Critics of consumer direction are also concerned about the welfare of workers in the absence of collective bargaining and agency protection from abusive caregiving situations. Reports by IndependentChoices counselors of worker abuse were rare. (The program did not, however, have formal procedures to receive and address worker complaints against consumers or their representatives, so if workers did have complaints, they may have gone unreported.) More than two-thirds of workers were given written contracts or agreements to sign delineating their responsibilities. Few were offered fringe benefits other than free room or food, and health insurance was never offered. The paucity of fringe benefits was likely a result of the low level of the monthly allowance, the fact that most workers were family members, and the fact that fringe benefits are rare in any low-paying part-time job.

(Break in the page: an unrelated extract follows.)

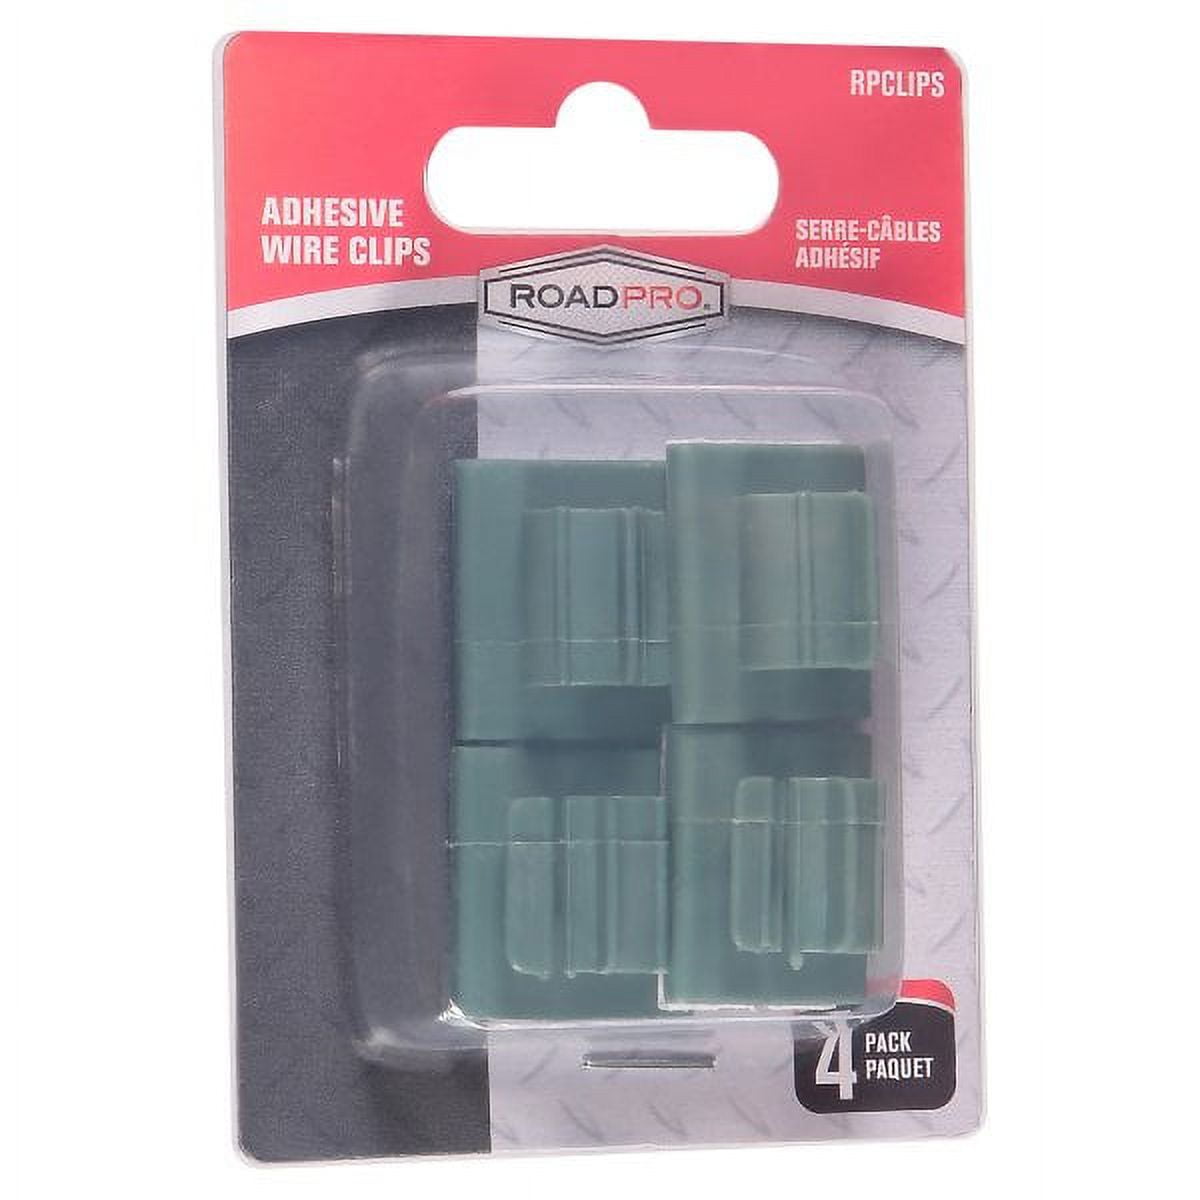 RoadPro RPCLIPS Green Self-Adhesive Wire/Cable Management Clips (4

A companion report (Dale et al. 2003a) compared responses to interviews with workers hired with the IndependentChoices allowance to responses given by workers for control group members. It found workers hired with the allowance, relative to those for the control group: received roughly equivalent wages (although they were much less likely to receive fringe benefits), were no more likely to suffer physical injury from caregiving (despite receiving less formal training), and were equally satisfied with working conditions.

Counseling and Bookkeeping Procedures Helped Make Abuse of the Allowance Rare

Providing a "cash benefit" instead of services in a public program always raises concerns about fraudulent use of the benefit. Roughly half of consumer-directed programs in 1999 addressed concerns about benefit fraud by directly paying worker salaries (Velgouse and Dize 2000; and Simon-Rusinowitz et al. 2000). IndependentChoices prevented abuse by ensuring that each spending plan contained only permissible goods and services and by comparing each timesheet and consumer check request with the spending plan (except for the few consumers who did not use the bookkeeping service). Counselors also reviewed the receipts consumers were required to keep for purchases other than those made with the relatively small cash disbursement consumers could take from the allowance for incidental expenses. Only a third took advantage of the opportunity to receive even part of the allowance in cash (up to 10 percent of the allowance or about $32 per month, on average). Moreover, although consumers could receive the monthly allowance directly, almost all chose to use the program's bookkeeping service to pay workers and other service providers. There was no evidence that consumers or their representatives materially misused the allowance.